The research in India was carried out by the Council of Scientific and Industrial Research (CSIR), CSIR-Indian Institute of Integrative Medicine (IIIM) in Jammu and the National Centre for Biological Sciences (NCBS) in Bengaluru. The trial is a multi-centric, Phase 2, randomised, open-label clinical study to evaluate the efficacy, safety and tolerability of Niclosamide for the treatment of hospitalised COVID-19 patients. The safety profile of this drug has been tested over time and has been found safe for human consumption at different dose levels. The Subject Expert Committee (SEC) has recommended carrying out the Phase 2 clinical trials using Niclosamide, said Dr Shekhar C Mande, Director General, CSIR.

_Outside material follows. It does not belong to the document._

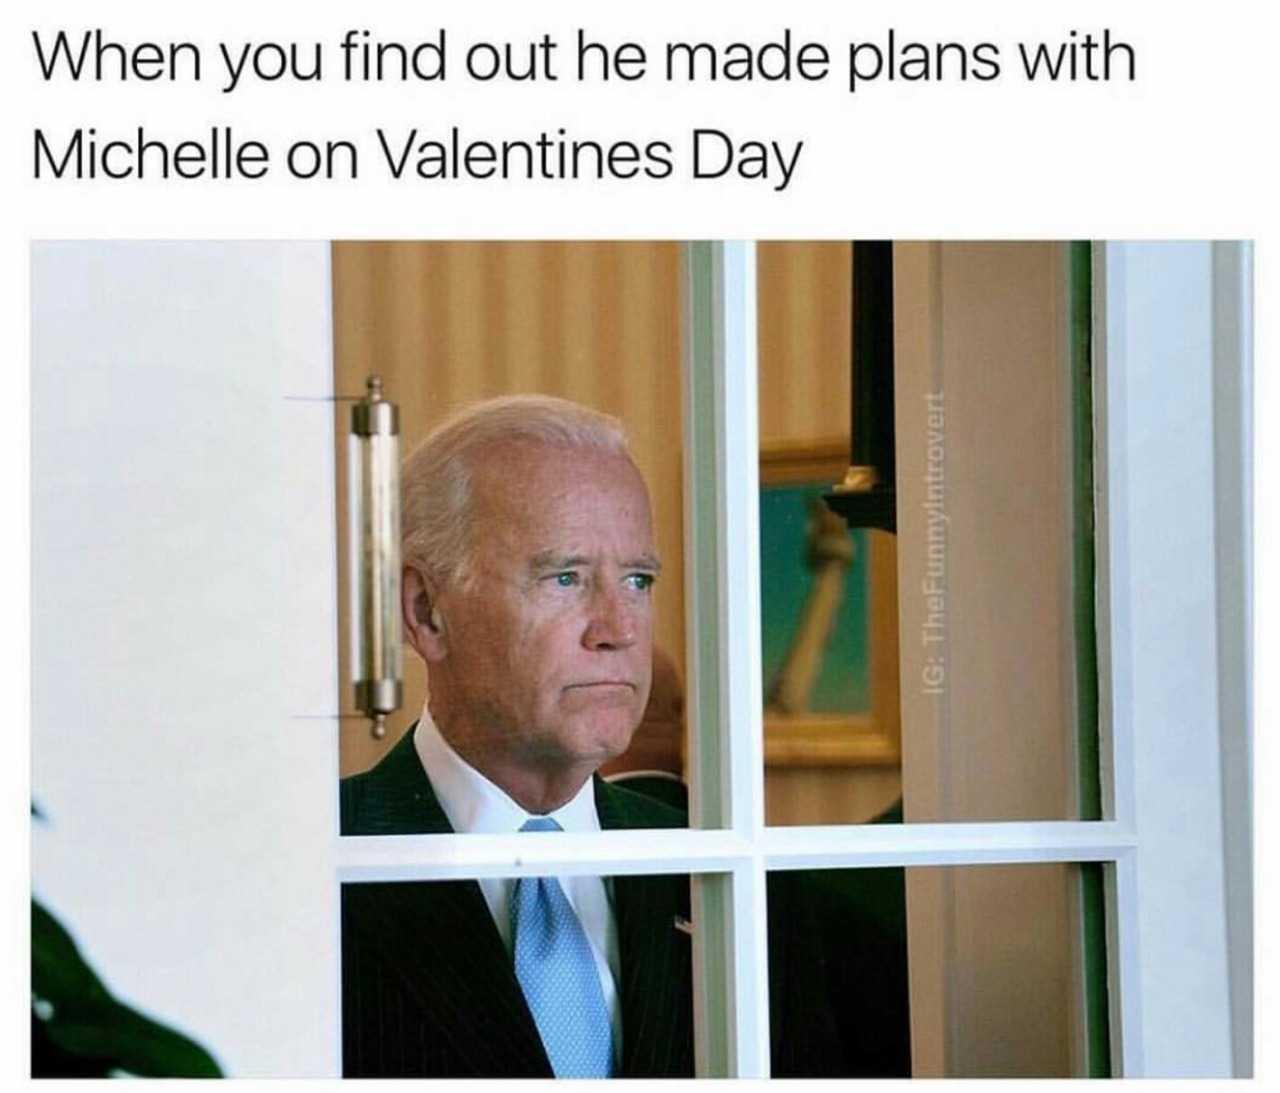 Obama and Biden Memes - alone on valentines day

Dr Srivari Chandrashekhar, Director of CSIR-IICT Hyderabad, highlighted that the Active Pharmaceutical Ingredient (API) for the repurposed drug is based on improved technology developed at IICT. The IICT has partnered with a Hyderabad-based pharmaceutical company Laxai Life Sciences for the clinical trial, which could provide cost-effective therapeutic options for patients, if the trial is successful.
The CEO of Laxai Life Sciences, Dr Ram Upadhayaya, said that the clinical trial had been initiated this week and was expected to be completed within eight to 12 weeks. The firm plans to seek emergency authorisation for the drug from the Drugs Controller General of India (DCGI) for the treatment of COVID-19 patients based on the success of Phase 2 clinical trial.